# 🧬 OmegAMP: Conditional AMP discovery through biologically informed representations

## 🔎 Overview 

This project presents a generative model designed for the conditional generation of novel Antimicrobial Peptides (AMPs), a classifier to distinguish between AMPs and non-AMPs and a series of fine-grained classifiers that distinguish between active and inactive peptides against specific species, strains. Together, these components form a framework that helps you discover new AMPs.
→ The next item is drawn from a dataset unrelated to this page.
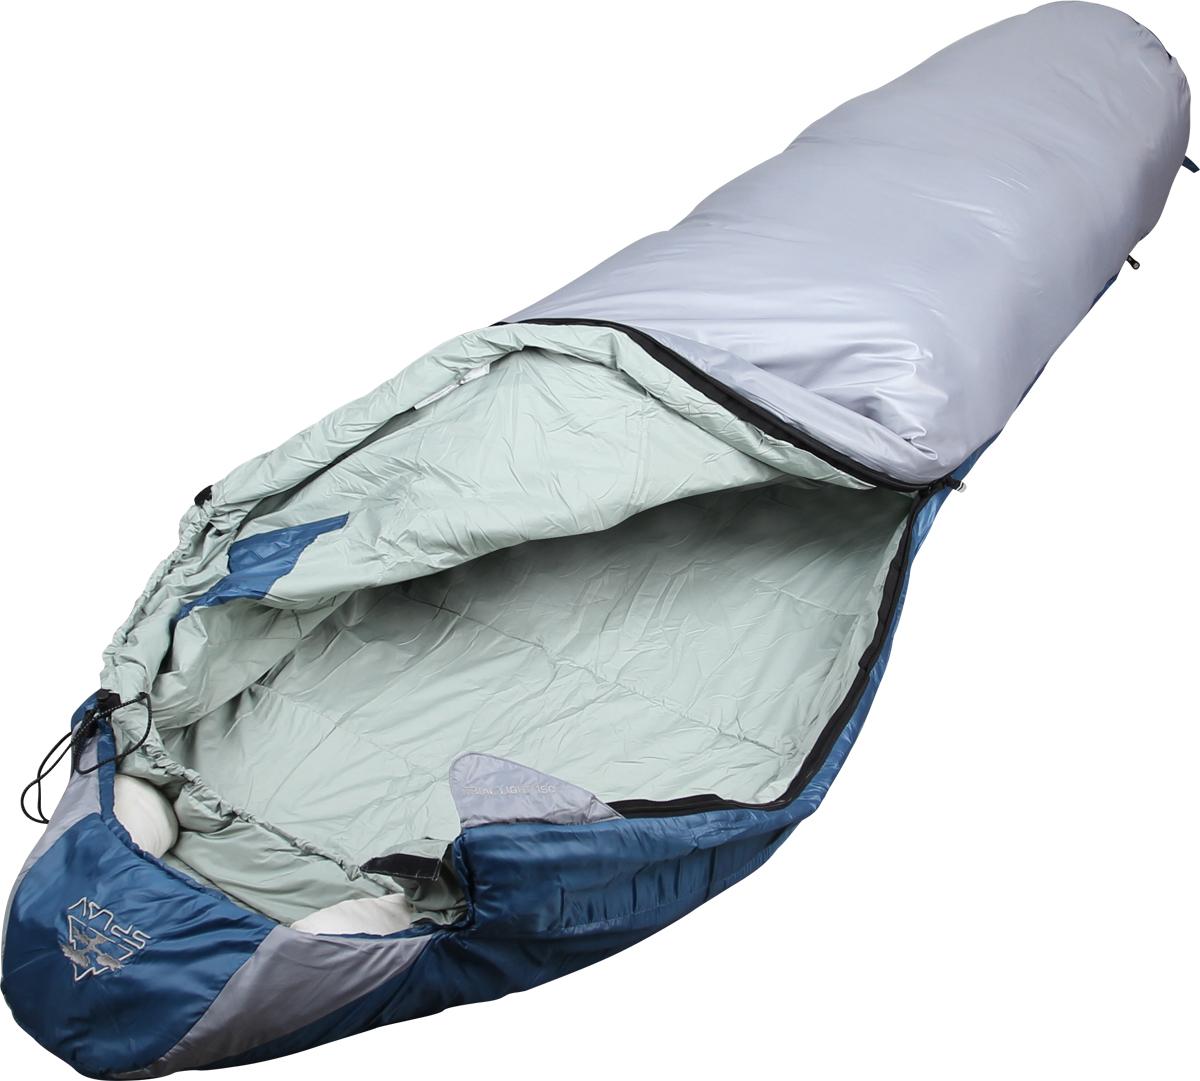 Спальный мешок Сплав Trial Light 150, правосторонняя молния, цвет: серый, 240 x 85 x 60 см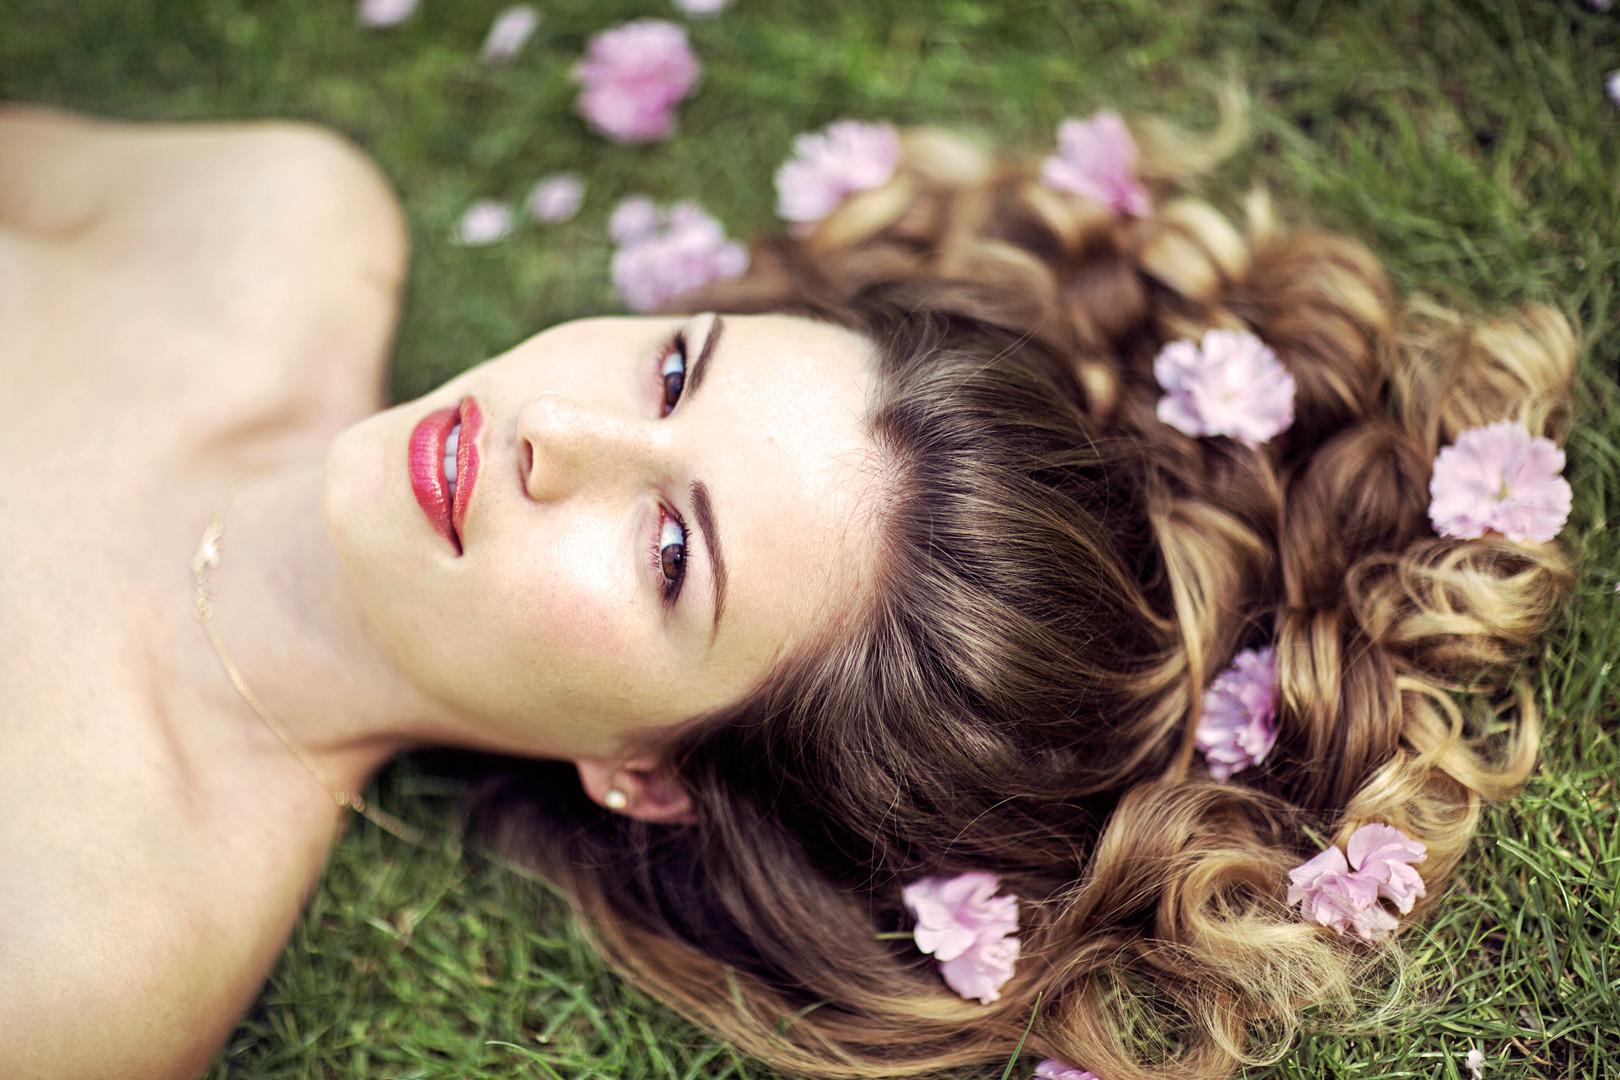 BeautyShootJMoyes4.jpg

![teaser](./assets/Hero-figure-AMP.png)

## 🤗 Hugging Face

Our project is available on Hugging Face.

## 📚 Run Locally
- [🔧 Installation](#installation)
- [🏋️ Training](#training)
  - [Classifier Training](#classifier-training)
  - [Generative Model Training](#generative-model-training)
- [🔮 Inference](#inference)
  - [Sequence Generation](#generative-model-sampling)
  - [Sequence Prediction](#predict-sequences)
  - [Sequence Filtering](#filter-generated-sequences)
  - [Framework Pipeline](#run-framework)
- [🖥️ Web Interface](#running-the-streamlit-app)

### 🔧 Installation

You can opt to create a conda environment (suggested).

```sh
conda create -n amp-modelling python=3.11
```

Activate the conda environment

```sh
conda activate amp-modelling
```

Install the necessary python packages.

```sh
pip install -e .
```

Download the data from figshare link https://figshare.com/s/d1e330bc8b52263269f4 

Download the models from figshare link https://figshare.com/s/bf623f79783155f9f227


### 🏋️ Training

#### Classifier Training
Train individual classifiers or all classifiers at once:

```sh
# Train a single classifier
./project/scripts/training/train_classifier.py --classifier broad-classifier [--output_model_dir PATH]

# Train all classifiers
./project/scripts/training/train_classifier.py --classifier all [--output_model_dir PATH]
```

#### Generative Model Training
To train the generative model, call `train.py` (all the necessary hyperparameter configs are in **config/**). Note: you need to have a W&B account.

```sh
./train.py
```

The model will be saved in the **wandb/latest-run/** folder, afterwards you should replace the **models/generative-model.ckpt** by your newly trained model to use it for sampling.

### 🔮 Inference

#### Sequence Generation
Generate new sequences using different conditioning strategies:

```sh
# Unconditional generation
./project/scripts/inference/generate_samples.py Unconditional [--num_samples N] [--batch_size N]

# Partial conditional generation (with property constraints)
./project/scripts/inference/generate_samples.py PartialConditional --length=1-100 --charge=1 [--hydrophobicity VALUE]

# Subset conditional generation (based on existing sequences)
./project/scripts/inference/generate_samples.py SubsetConditional --subset_sequences=path/to/fasta
```

#### Sequence Prediction
Evaluate sequences using trained classifiers:
```sh
# Predict using a single classifier
./project/scripts/inference/predict_sequences.py path/to/sequences.fasta --classifier broad-classifier [--predict_proba]

# Predict using all classifiers
./project/scripts/inference/predict_sequences.py path/to/sequences.fasta --classifier all [--predict_proba]
```

#### Sequence Filtering
Filter and rank generated sequences:
```sh
./project/scripts/inference/filter_generated_sequences.py [--path_to_fasta PATH] [--min_length N] [--max_length N] [--strain_species STRAIN]
```

#### Framework Pipeline
Run the complete generation and filtering pipeline:
```sh
# Unconditional generation
./project/scripts/inference/run_framework.py Unconditional [--num_samples N] [--batch_size N]

# Strain/species specific generation
./project/scripts/inference/run_framework.py Conditional --strain_species species-escherichiacoli [--num_samples N]
```

### 🖥️ Running the Streamlit App

To run the Streamlit app locally:

```sh
streamlit run app.py
```

## 📑 Citation

If you find our work useful, please cite the following paper:

```bibtex
```

## ©️ License

This project is licensed under [MIT License](./LICENSE). Redistribution and use should follow this license.